Having determined some basic characteristics of the biasing of the BF998 dual gate MOSFET in a previous experiment, it was now time to look into the gain and AGC performance of the amplifier. A few changes were made to the original circuit to turn it into a proper RF amplifier.
- Power Meter: M3 Electronix FPM-1
- Voltmeter: Fluke 8840A
- Signal Generator: Tektronix SG503
Initial Test Conditions
The gate 1 voltage (VBIAS) was initially biased to 3.16 V, a level that was previously determined to give about 10 mA of drain current when gate 2 is biased to 9.2 V. The input signal was set to a frequency of approximately 28.1 MHz, to give an idea of the amplifier performance in the upper HF bands. The output power of the signal generator was set to -30.0 dBm into a 50 Ω resistive load. This gave me enough power to make a good measurement with the FPM-1 while avoiding the problem of gain compression. All gain measurements are based off of this amplifier input power (in other words, the amplifier gain described in this report is the transducer gain).

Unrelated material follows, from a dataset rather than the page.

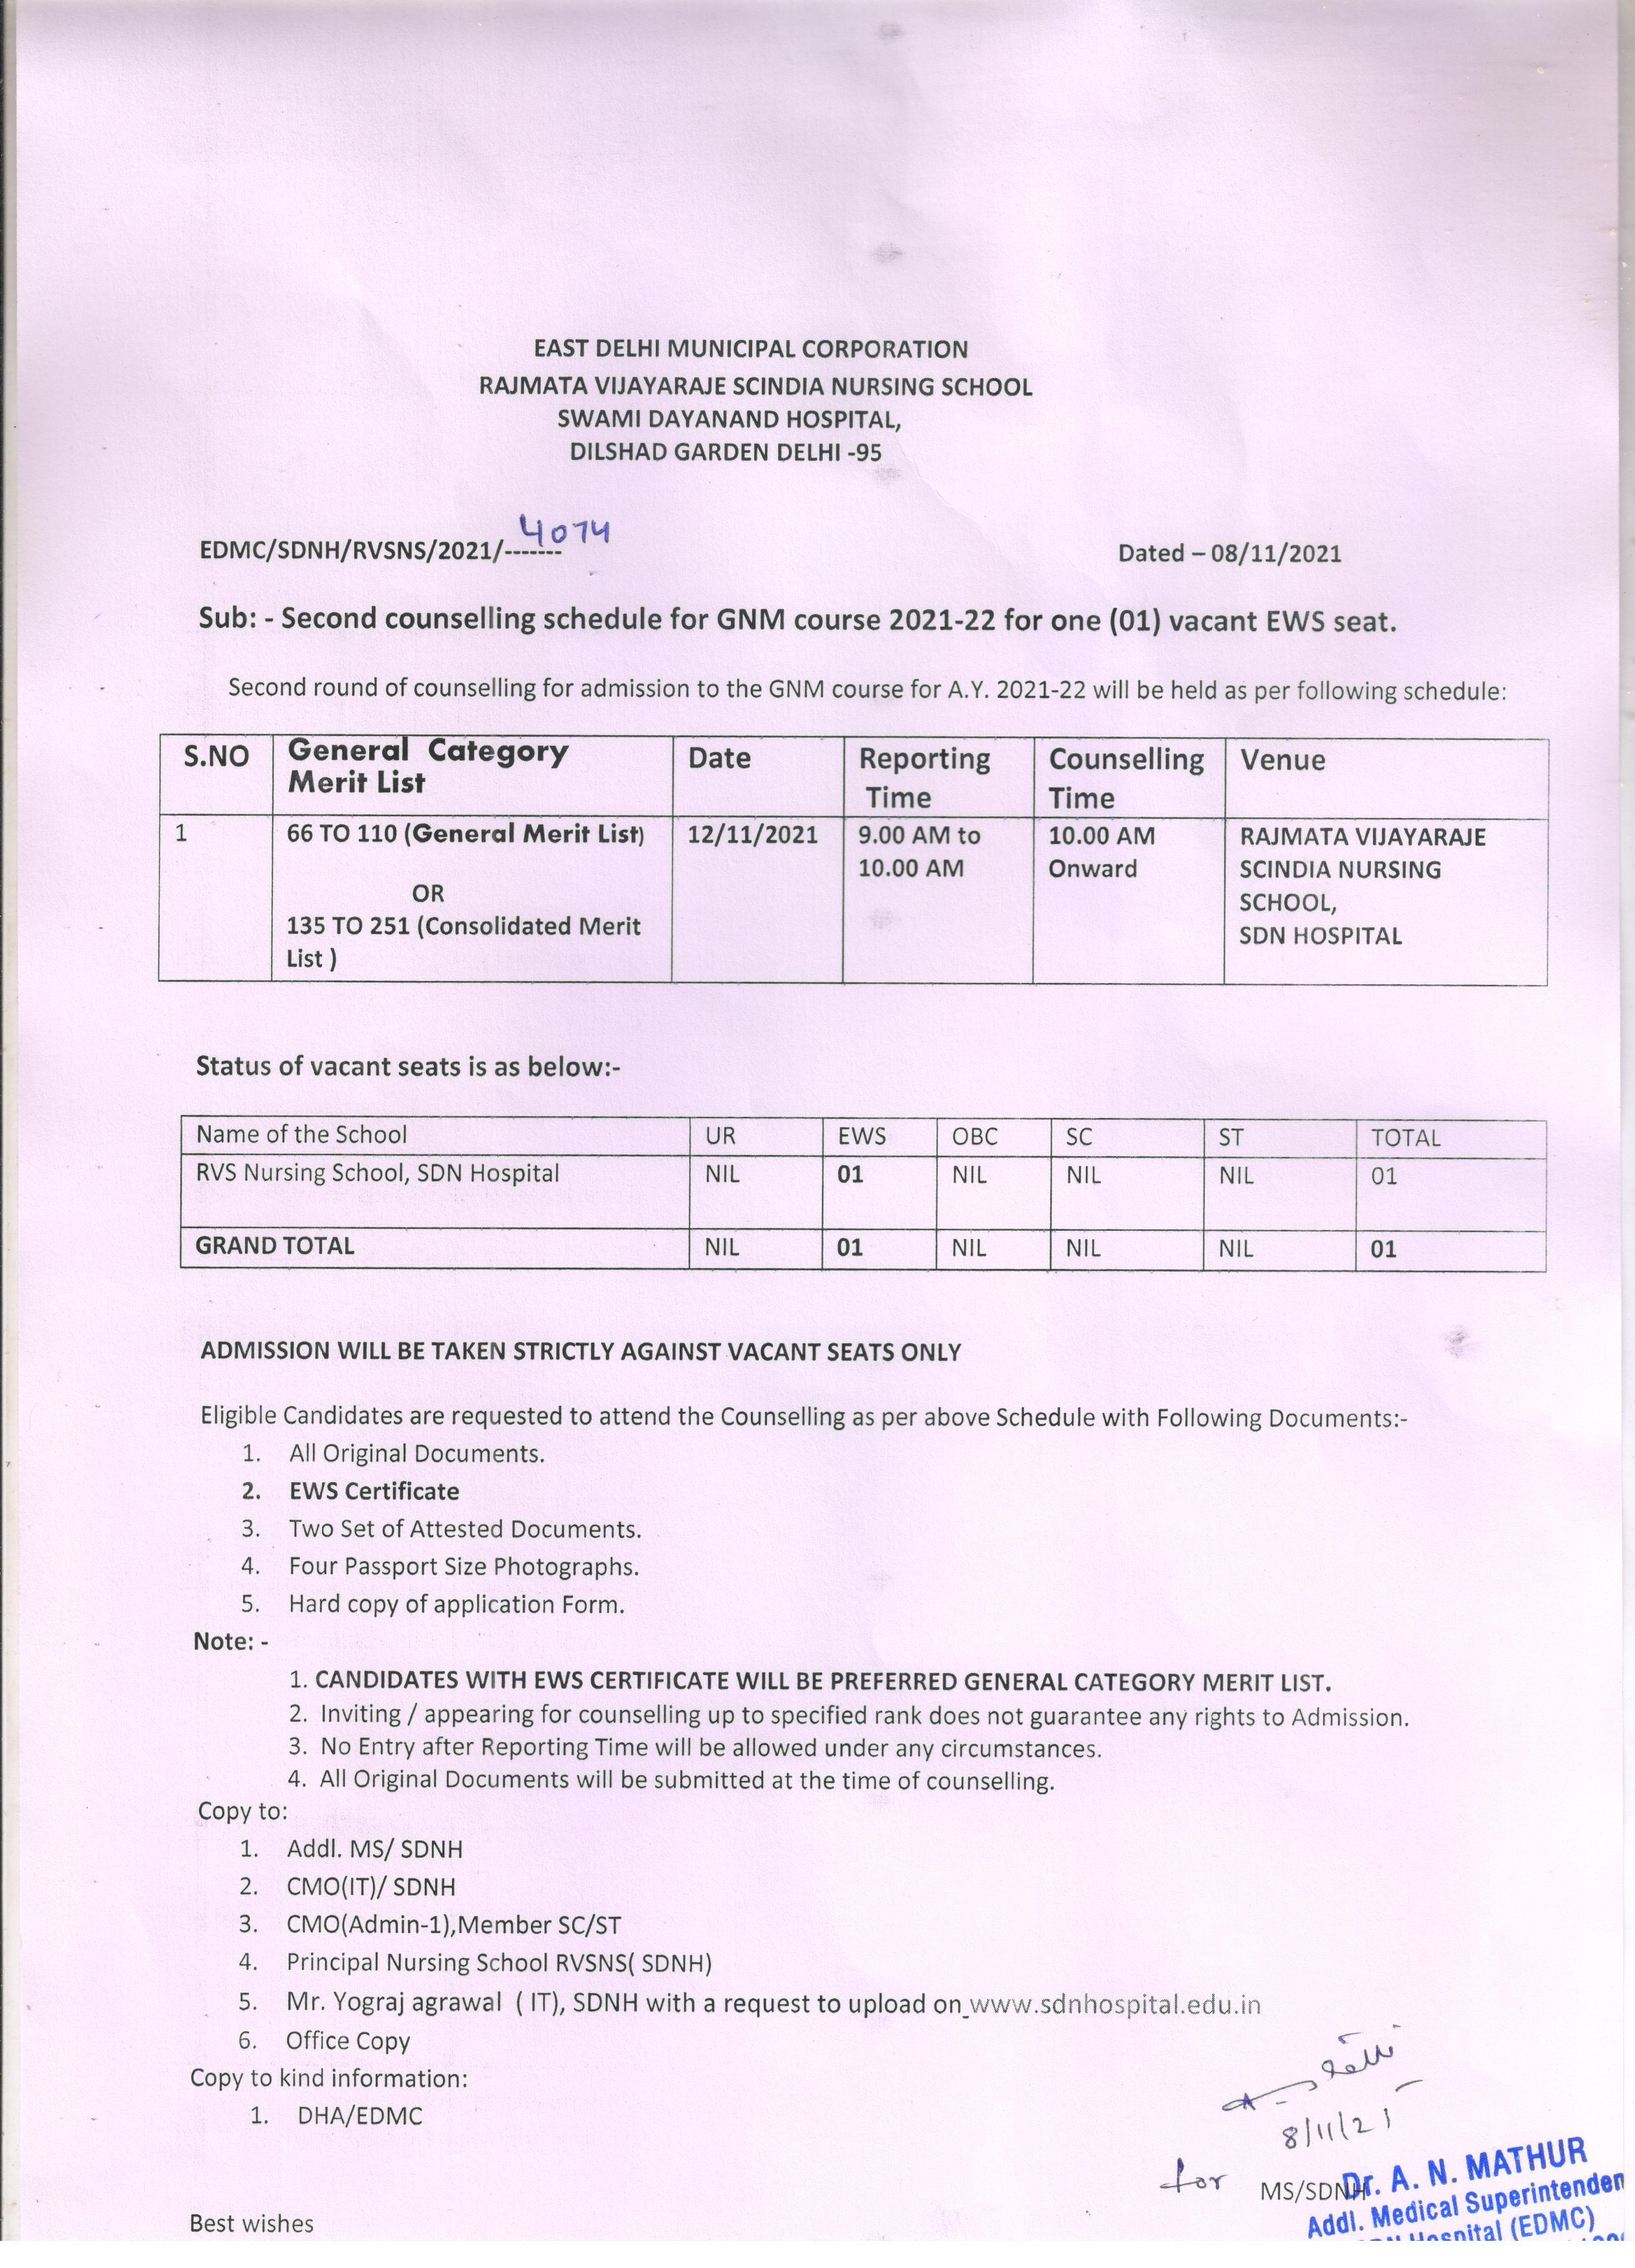 Second Counselling schedule for GNM course 2021-22 for one (1) vacant EWS seat

The DC biasing of the circuit is virtually identical to the final configuration determined in the first experiment. However, there have been some changes in regard to the input and output circuitry. First of all, the gate 1 bias is now fed through a 2.2 kΩ resistor which is bypassed to AC ground with a 100 nF capacitor. This sets the input impedance to 2.2 kΩ. Values around 2 kΩ seem to be fairly common in the literature, apparently because of the noise figure benefits. I would like to investigate this further in a later experiment, but for now we’ll go with the wisdom of others. A typical L-network was placed on the input to transform the 50 Ω amplifier input impedance to the 2.2 kΩ impedance that gate 1 wants to see. The drain inductor was replaced with a 10:2 ratio transformer to give the drain a load of 1.25 kΩ to work into when a 50 Ω load is placed on the amplifier output. Again, this is another area where I decided to go with the wisdom of others. This drain load values seems reasonable based on other FET amplifiers I’ve used, but it might also be an area worth investigating later.
Under the initial conditions described above, I measured an output power of -6.1 dBm, which indicates a transducer gain of 23.9 dB. This seems like a reasonable and believeable amount of gain from a single amplifier given the biasing levels established. I decided to vary VBIAS a bit to determine the point of maximum gain for the amplifier. At a gate 1 voltage of 3.43 V, I measured -5.9 dBm of output power, or a gain of 24.1 dB. There is a slight amount of difference between the two voltages, but not enough to be significant. It seems that the initial estimate worked fairly well.
Next, the circuit was modified slightly to examine the AGC characteristics of the BF998. Both the source and gate 1 were biased to approximately 3 V using a blue LED. This biasing method is very convenient, simple, and stable, even if it may not bias gate 1 to its ideal point. This reduced the drain current to 6.6 mA, which would mean a slightly lower maximum gain, but also would be a more power-efficient way to run the amp. I could have used two red or green diodes in series, or a string of small-signal diodes as seen in the Hybrid Cascode amplifier, but the blue LED uses the least parts (and is pretty to boot). The fixed voltage divider bias was removed from gate 2, and in its place a variable AGC voltage (VAGC) was applied. The same -30.0 dBm input power was used, and the output power was measured at different settings of VAGC.
As you can see in the table and chart below, there is a large AGC voltage range with very little gain variation, then a sharp knee where there is a steep slope of gain reduction. The knee occurs at an AGC voltage of about 3 V. Between 2 V and 3 V is the largest gain variation (about 40 dB). This AGC response curve actually appears to agree fairly well with the curve published in the Philips RF Manual 3rd Edition Appendix for the BF998. The AGC range of approximately 50 dB also seems in line with the data published by NXP. It does look plausible that two of these amplifiers cascaded together could provide nearly 100 dB of gain reduction (another experiment idea for later).
|2 V||-55.7 dBm||-25.7 dB|
|2.25 V||-52.8 dBm||-22.8 dB|
|2.5 V||-37.2 dBm||-7.2 dB|
|2.75 V||-23.3 dBm||6.7 dB|
|3 V||-16.0 dBm||14.0 dB|
|4 V||-12.6 dBm||17.4 dB|
|5 V||-11.2 dBm||18.8 dB|
|6 V||-10.4 dBm||19.6 dB|
|7 V||-9.9 dBm||20.1 dB|
|8 V||-9.5 dBm||20.5 dB|
|9 V||-9.1 dBm||20.9 dB|
|10 V||-9.0 dBm||21.0 dB|
Next, I intend to build a return loss bridge (finally!) and get some measurements on this amplifier. I also need to look into what it will take to measure noise figure, and get started on that test rig as well.